RAW DATA:
★ ★ ★ ★ ★ ★ ★

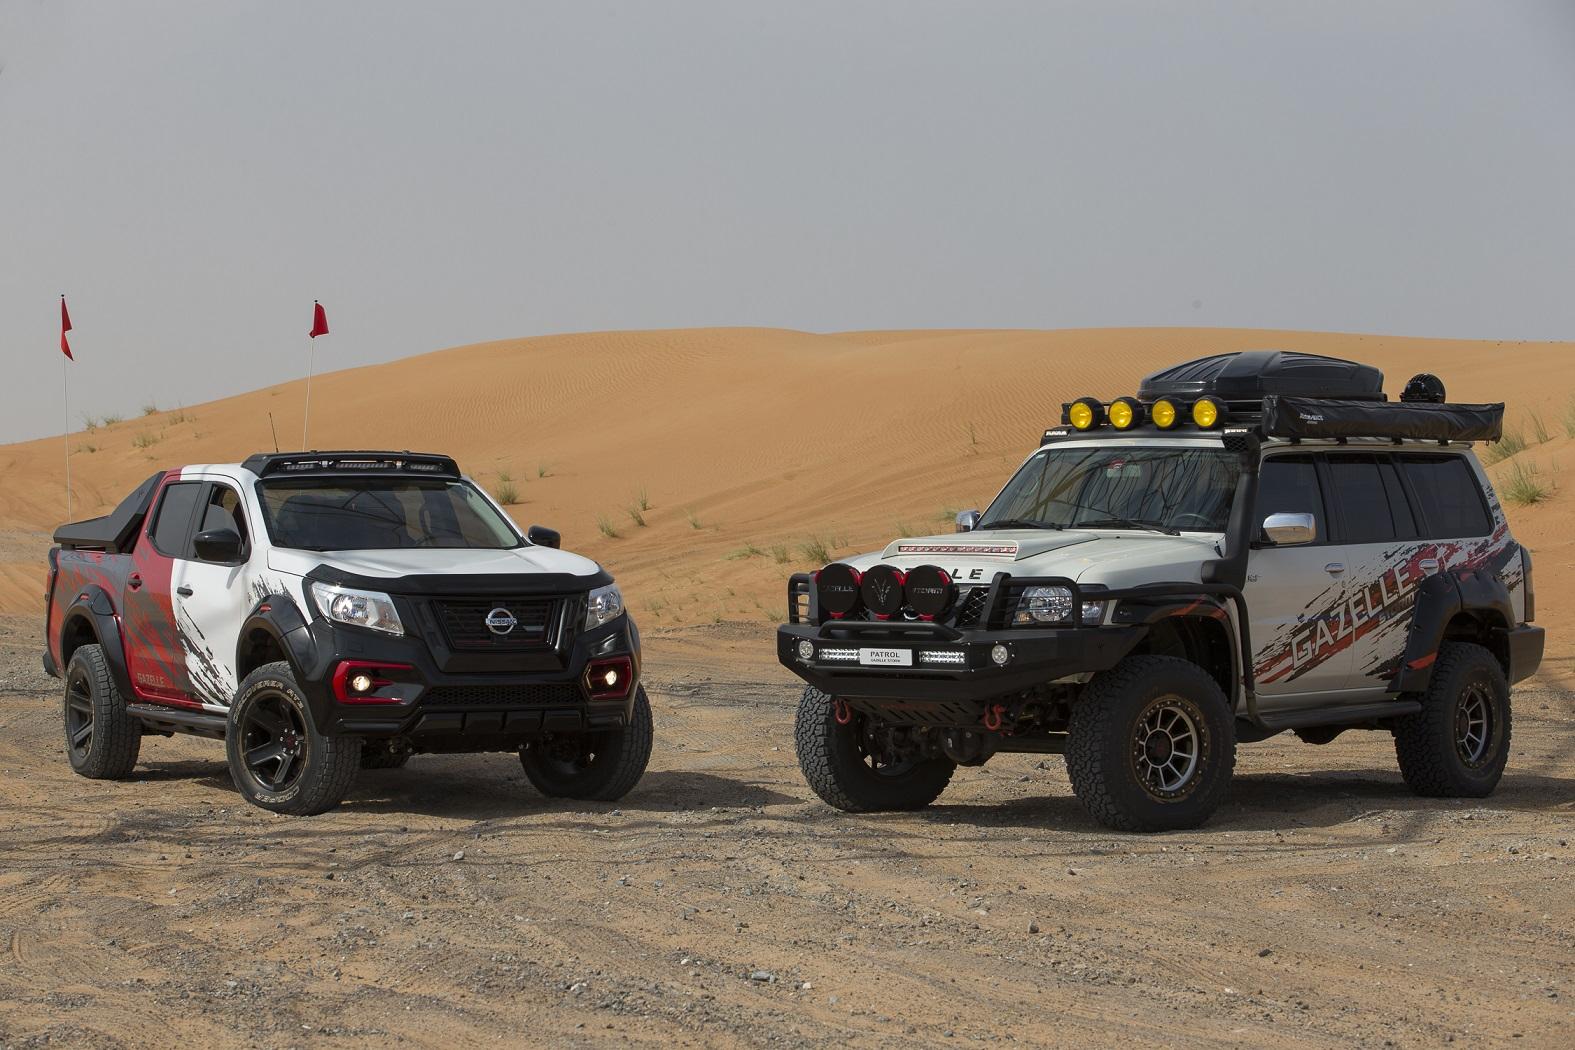 نيسان تكشف عن سيارتي غزال تمّ صنعهما خصيصاً لمنطقة الشرق الأوسط
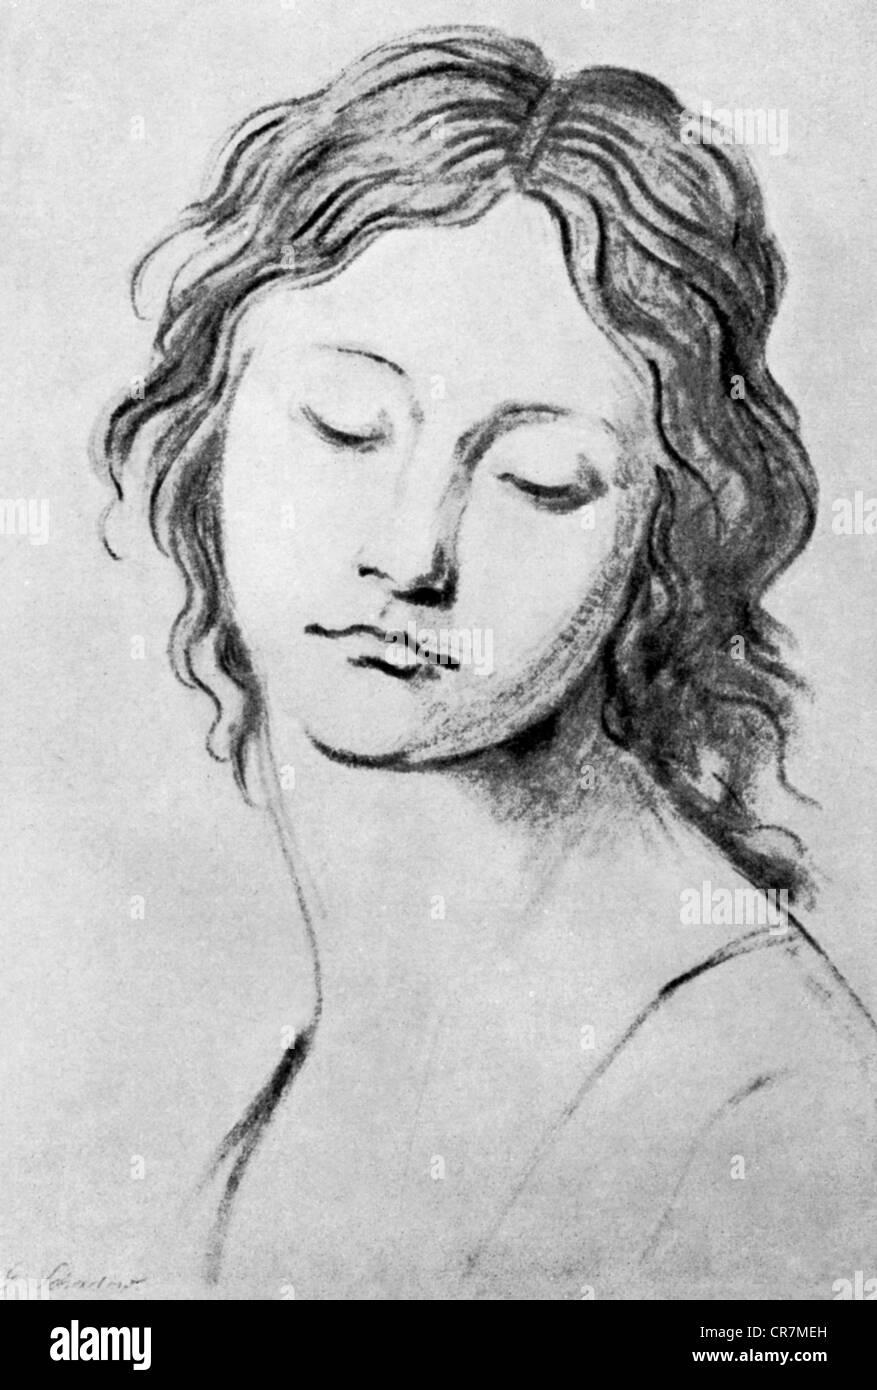 Johann Gottfried Schadow,, 20.5.1764 - 27.1.1850, sculpteur allemand et artiste graphique, travaux publics, portrait Banque D'Images
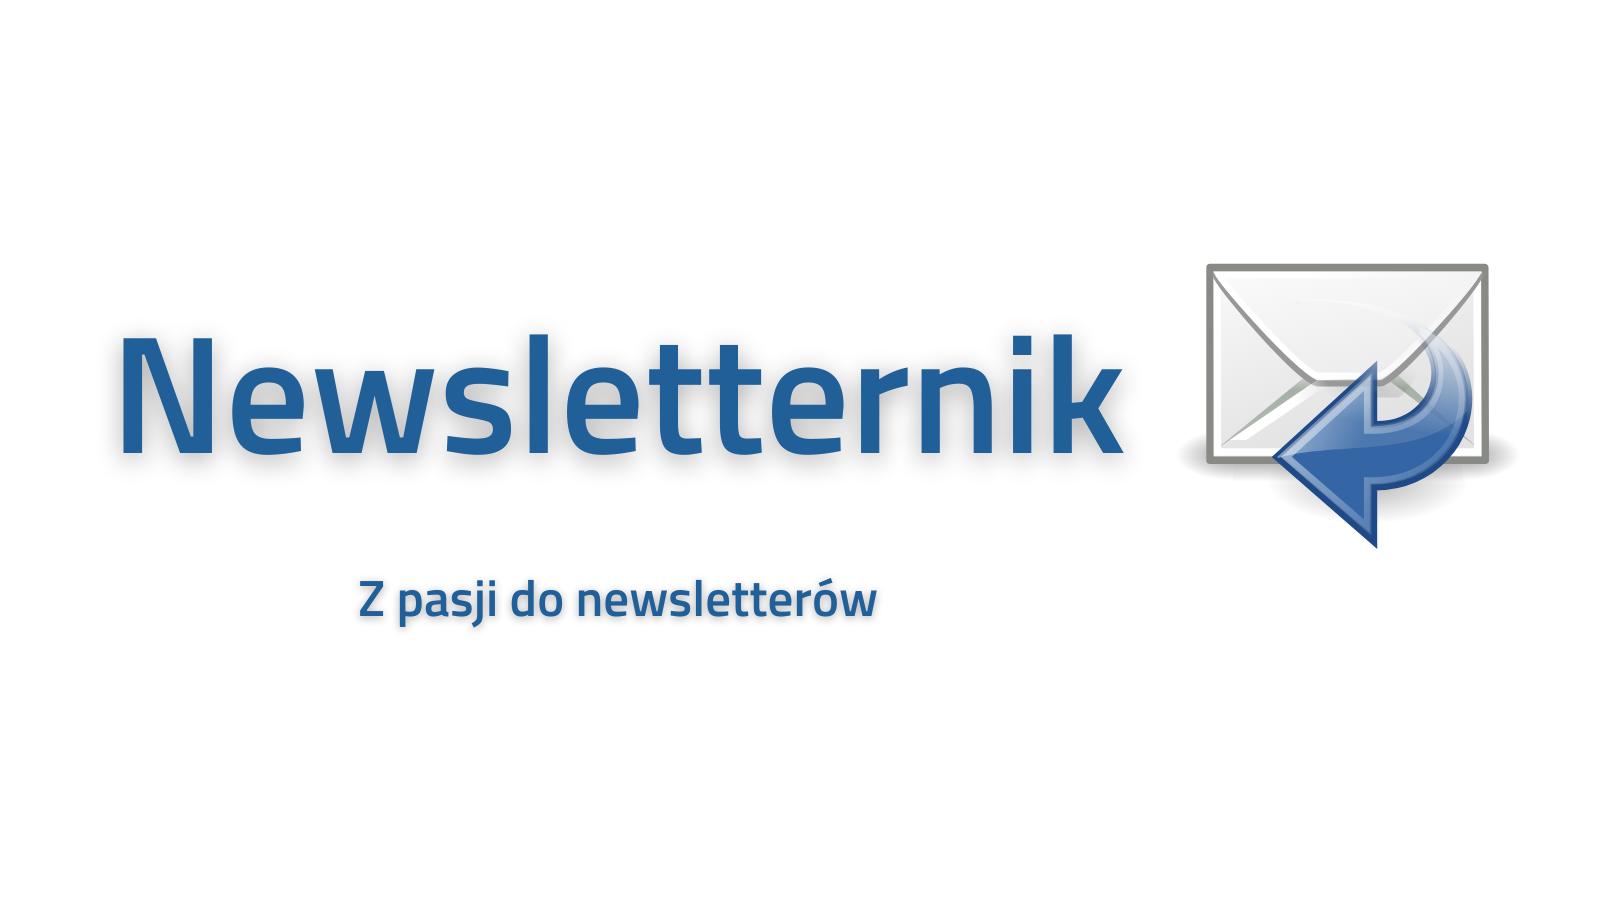 Newsletternik - newsletter logo

★ ★ ★ ★ ★ ★ ★

REQUIREMENT:
Restate all of the material above word for word. Pictures do not belong in it.

ANSWER TO THIS EXERCISE:
 نيسان تكشف عن سيارتي غزال تمّ صنعهما خصيصاً لمنطقة الشرق الأوسط
 Johann Gottfried Schadow,, 20.5.1764 - 27.1.1850, sculpteur allemand et artiste graphique, travaux publics, portrait Banque D'Images
 Newsletternik - newsletter logo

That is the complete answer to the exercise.